Littleton Public Schools wins tax increase to offset faltering state support

Ballot Issue 4C passes solidly; will stave off 'draconian' cuts


Littleton Public Schools will stave off what district officials called catastrophic cuts after voters solidly approved Ballot Issue 4C, which raises property taxes to make up for eroding state support exacerbated by the COVID-19 pandemic.

The measure was passing with 57.9% support in preliminary returns on Nov. 3, making it the latest in a long series of tax measures supporting the district passed by voters.

The measure approves a mill levy override that aims to raise $12 million in its first year, in efforts to offset slashed state funding and increased expenses related to the pandemic.

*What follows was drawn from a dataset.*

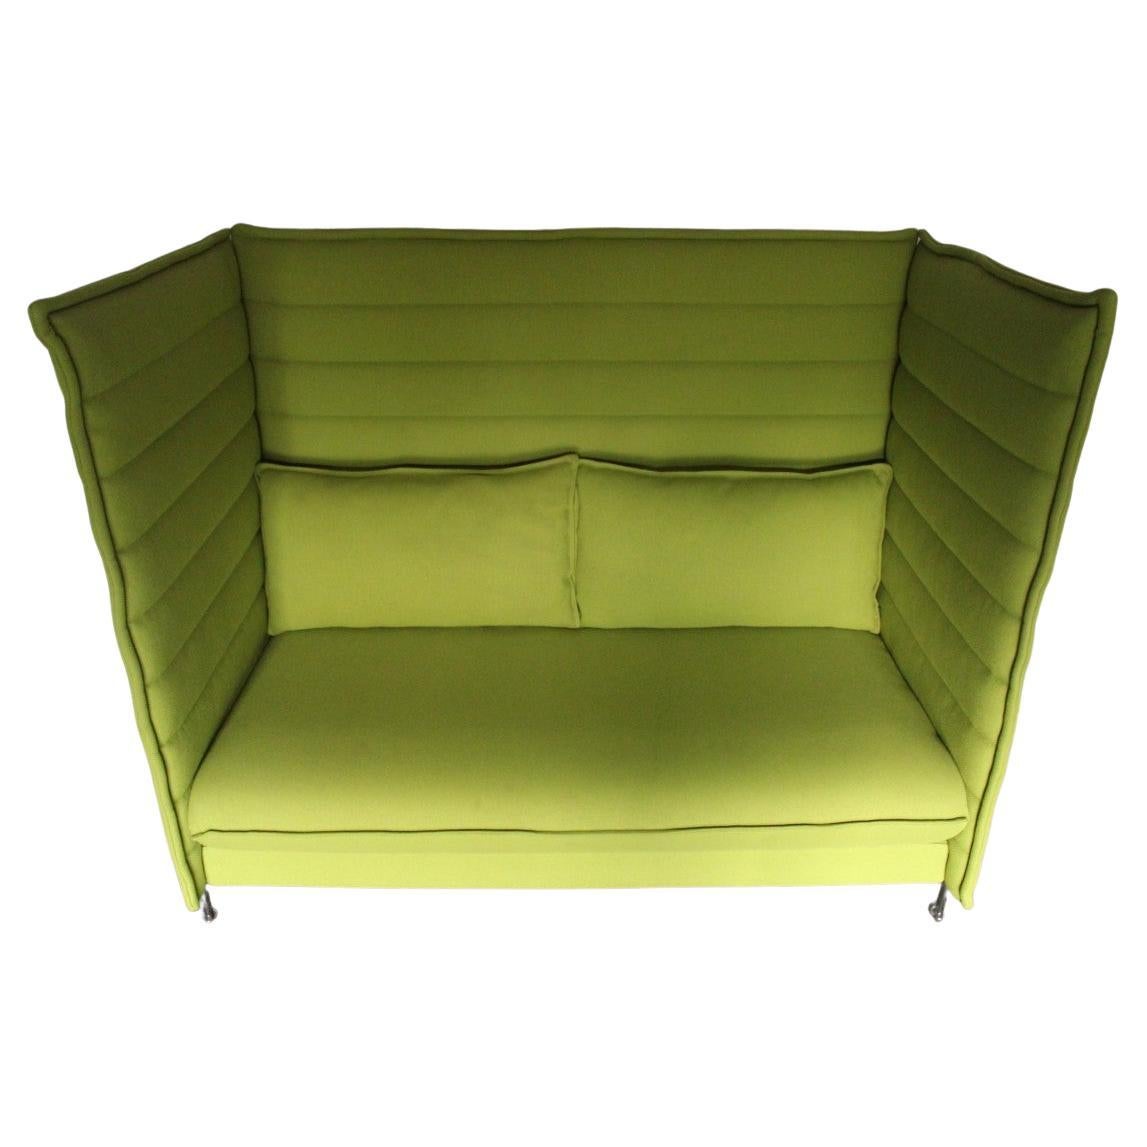 Sublime Mint Vitra “Alcove” 2-Seat Highback Sofa in Lime Green “Credo” Fabric 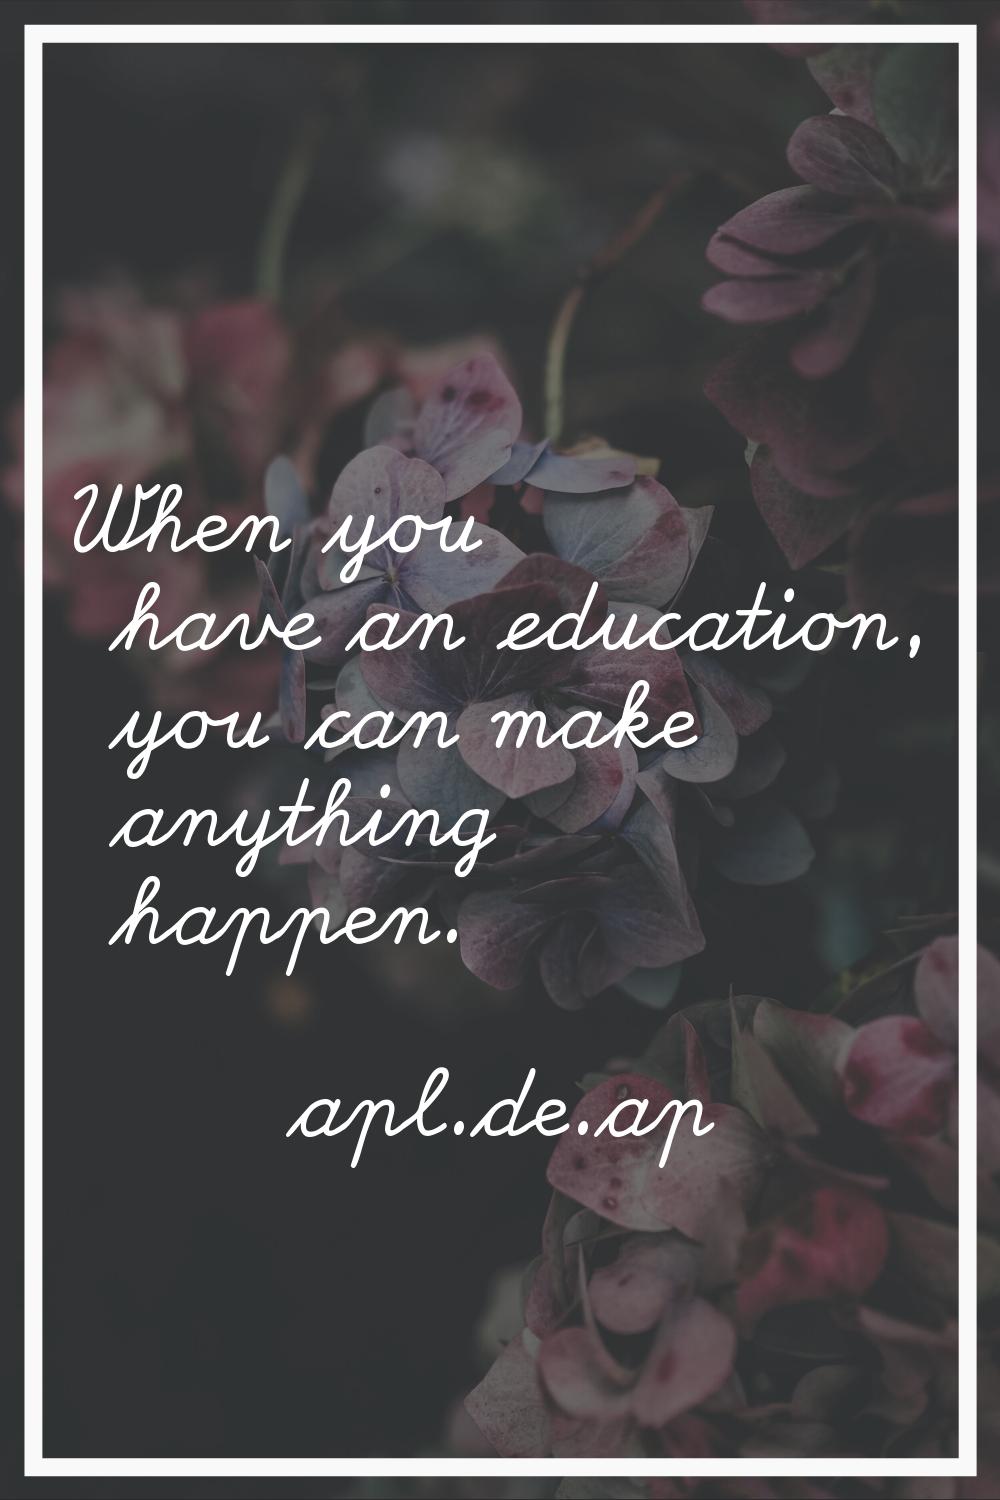 When you have an education, you can make anything happen.

Had the measure failed, the cuts likely would have been wide-ranging, from layoffs to deep cuts to bus transportation, athletics and programs like Options High School.

Superintendent Brian Ewert said the measure passing means stability in an uncertain time.

“Without this, we would have been changing the face of the district,” Ewert said. “The community stepped up for us, which is pretty amazing considering we're in an economic downturn as well as a pandemic.”

The district, which serves about 15,000 students, is facing reduced state funding of about $18.5 million in the 2020-2021 school year, part of ongoing statewide cuts stretching back to the Great Recession called the “negative factor” — a policy of withholding funds otherwise due to schools under the terms of Amendment 23.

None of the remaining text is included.